08:58 ronsavage I've released Graph::Easy::Marpa V 2.04, MarpaX::Demo::StringParser V 1.08 and MarpaX::Languages::SVG::Parser V 1.05, to switch from action_object to semantics_package, and they're now all on github for the 1st time.
09:04 pczarn joined #marpa
13:53 rns Marpa-R2 2.094000 built, installed and runs ok for me under winxp and cygwin (5.18.1/cl/nmake and 5.14.2/gcc/make).
14:05 jeffreykegler joined #marpa
14:05 jeffreykegler ronsavage: re http://irclog.perlgeek.de/marpa/2014-09-17#i_9368665 -- Thanks!
14:27 rns left #marpa
14:52 rns joined #marpa
15:55 jeffreykegler joined #marpa
16:41 jeffreykegler rns: re http://irclog.perlgeek.de/marpa/2014-09-17#i_9368966 -- Thanks!
17:02 rns joined #marpa
17:03 rns joined #marpa
17:03 lucs joined #marpa
17:03 shadowpaste joined #marpa
17:03 hobbs joined #marpa
17:03 Aria joined #marpa
17:03 kkrev joined #marpa
17:03 sivoais joined #marpa
17:03 lwa joined #marpa
17:03 pczarn joined #marpa
17:03 jeffreykegler joined #marpa
17:48 kkrev Is there a way to modify http://scsys.co.uk:8002/423380 so that unstructured_text_body does not result in a list of chars? Or is it necessary to resort to pause/resume stuff?
18:05 rns kkrev: do you need unstructured_text_body as a string rather than the list of chars?
18:05 kkrev yes.
18:09 rns Can I ask why? <unstructured_text> is omitted (in parens) so <unstructured_text_body> won't be seen in the output anyway.
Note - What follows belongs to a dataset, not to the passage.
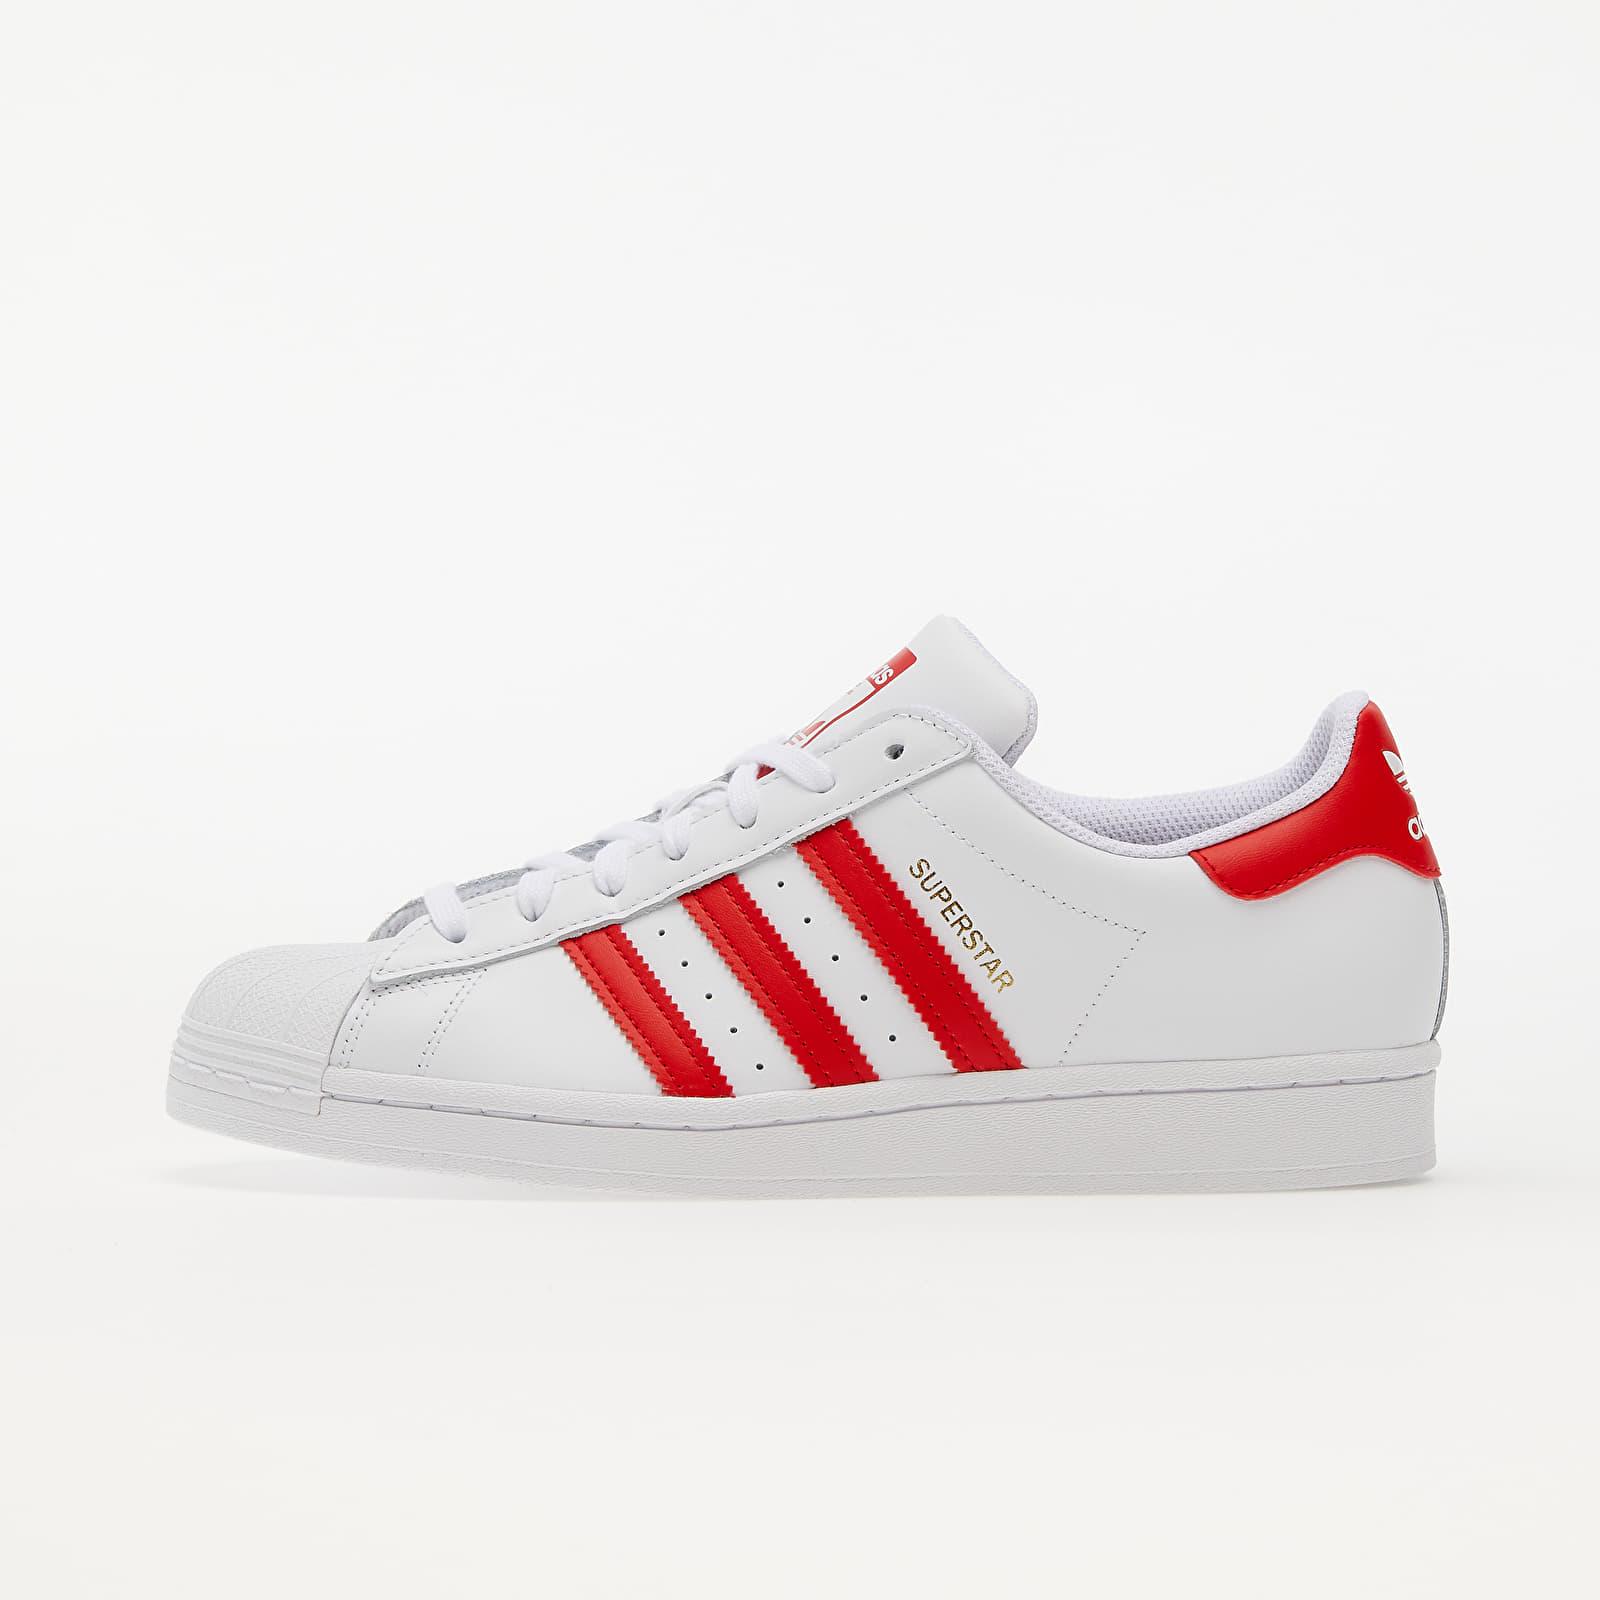 adidas Superstar Ftwr White/ Vivid Red/ Gold Met. EUR 42

Or it is just to avoid seeing that long list of chars?
18:12 kkrev The long list of chars is actually problem as some of these blocks can get quite big. The list seems to use a lot of RAM.
18:12 kkrev I need the data as a string, not as a list of chars.
18:14 shadowpaste "kkrev" at 50.190.12.218 pasted "confusion over resume lexeme_read stuff" (60 lines) at http://scsys.co.uk:8002/424130
18:15 kkrev I'm trying to handle the situation with the pause/resume stuff at the moment and failing to understand from the docs how the resume/lexeme_read stuff fits together.
18:15 jeffreykegler kkrev: For efficiency, you can define sequences of non-terminals chars -- something like <not end chars> ~ [^~*\n]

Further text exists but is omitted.